In our recent work, which was published in IEEE GLOBECOM’21, we put forward a deep learning-driven mobile traffic measurement collection and reconstruction framework, called Spider, which we illustrate in Figure 2. Our approach relies on a dedicated neural network that we train to selectively sample small subsets of target mobile coverage areas, so as to minimise overhead while acquiring enough data to ensure high-quality traffic consumption interpolations at all non-sampled cells. We take a Deep Reinforcement Learning (DRL) approach to produce examples for training this policy network. Given the large action space, our DRL agent learns in a tractable manner by sampling small subsets of the action space based on the most likely action and its nearest neighbors. The highest valued action from such subsets is then selected, circumventing the need to evaluate the entire action space.

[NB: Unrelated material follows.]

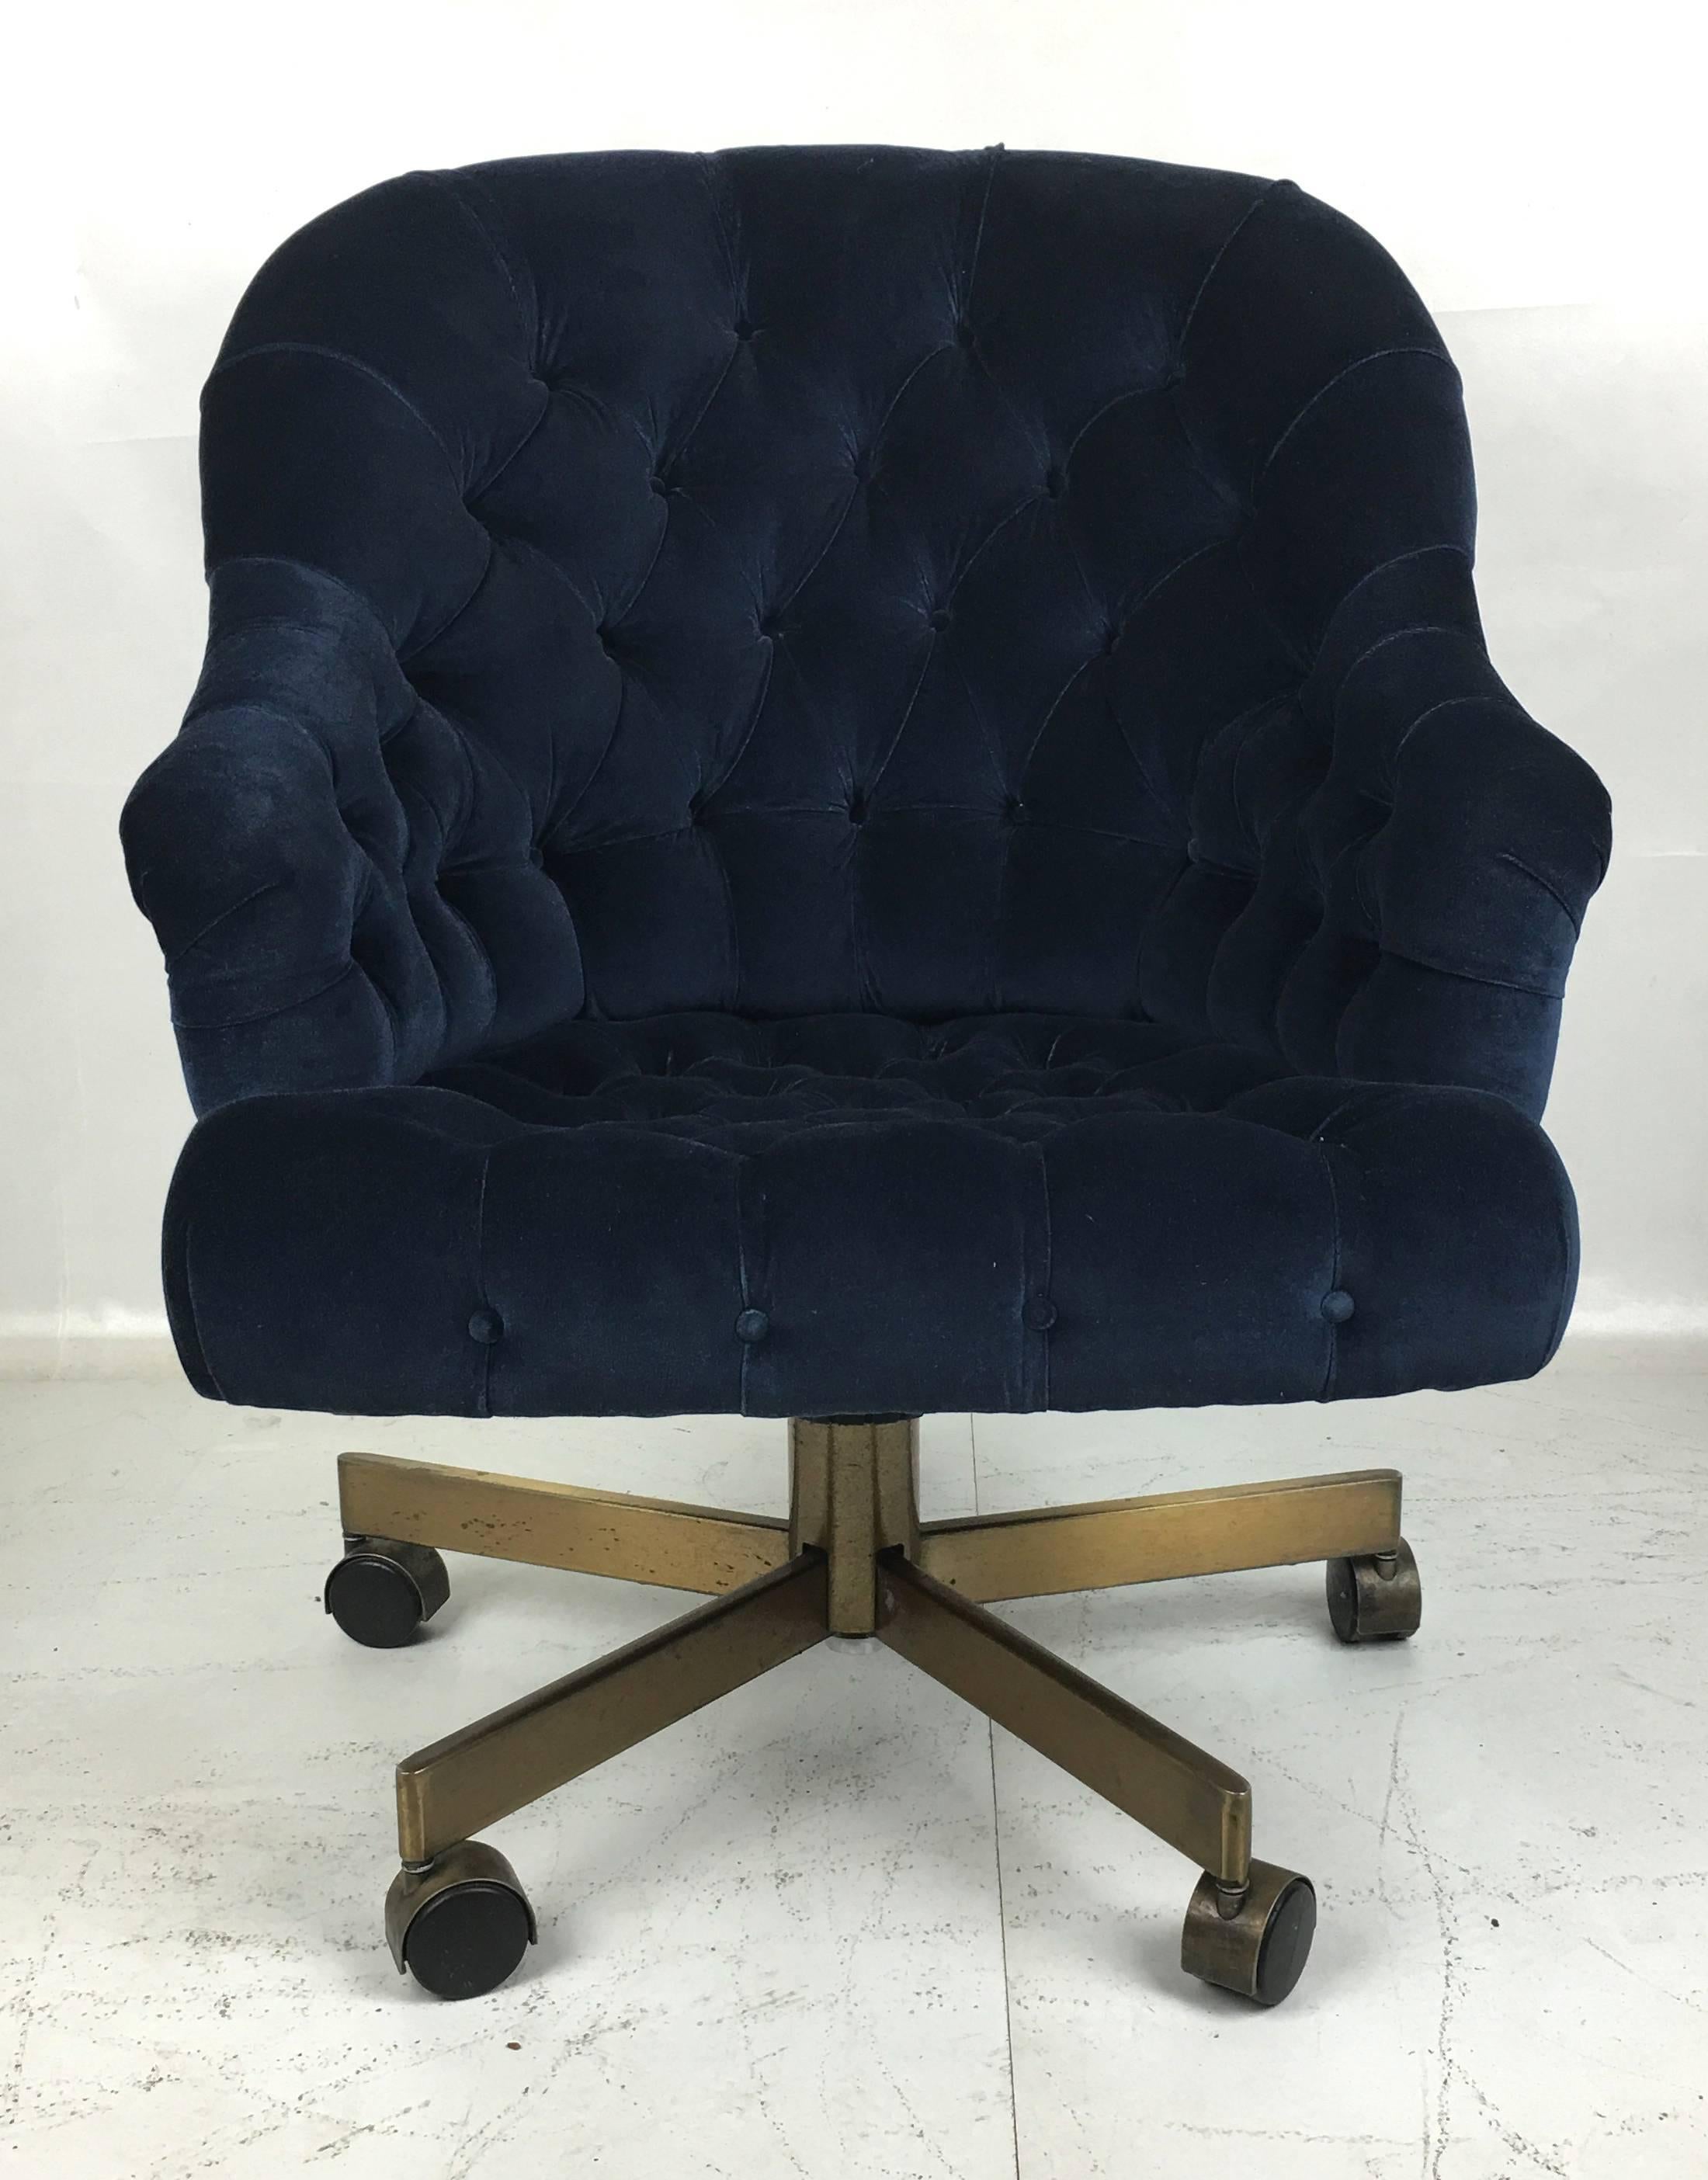 Classic Dunbar executive swivel chair freshly upholstered in luxurious Navy velvet . The chair is fully adjustable and super comfortable. Raised on a bronze-plated steel base with bronze hooded casters.  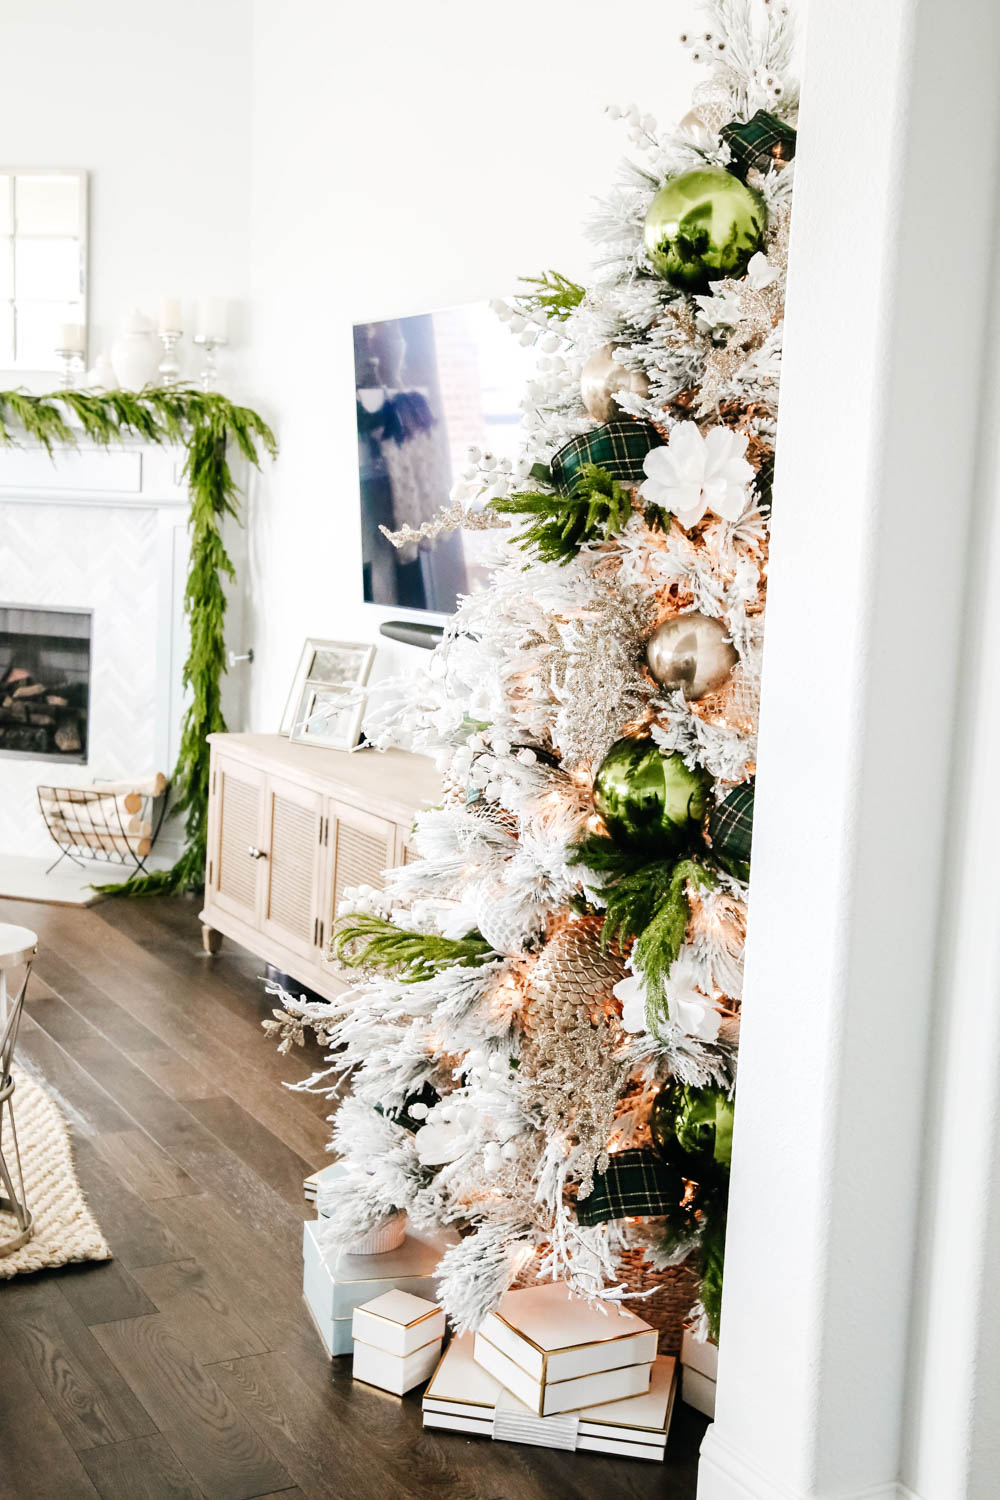 White and green Christmas tree + holiday decor ideas. #ABlissfulNest #christmastree #christmasdecor

For action evaluation and interpolation, we introduce a purpose-built mobile traffic reconstruction neural model (MTRNet), which builds on our earlier ZipNet design and similarly exploits spatiotemporal correlations within historical data. MTRNet outperforms existing methods in terms of accuracy (up to 67% lower Mean Absolute Error) and reconstruction speed (over 800× runtime reduction). By means of experiments with the same real mobile network dataset, we also showed that Spider requires on average 48% fewer samples to reconstruct complete traffic matrices, even when applied to previously unseen traffic patterns, such as those observed during holidays.
He, K., Zhang, X., Ren, S., and Sun, J. (2016). Deep residual learning for image recognition. In Proceedings of the IEEE Conference on Computer Vision and Pattern Recognition, pages 770–778.
Lee, D., Zhou, S., Zhong, X., Niu, Z., Zhou, X., and Zhang, H. (2014). Spatial modeling of the traffic density in cellular networks. IEEE Wireless Communications, 21(1):80–88.
Wang, H., Xu, F., Li, Y., Zhang, P., and Jin, D. (2015). Understanding mobile traffic patterns of large scale cellular towers in urban environment. In Proc. ACM IMC, pages 225–238.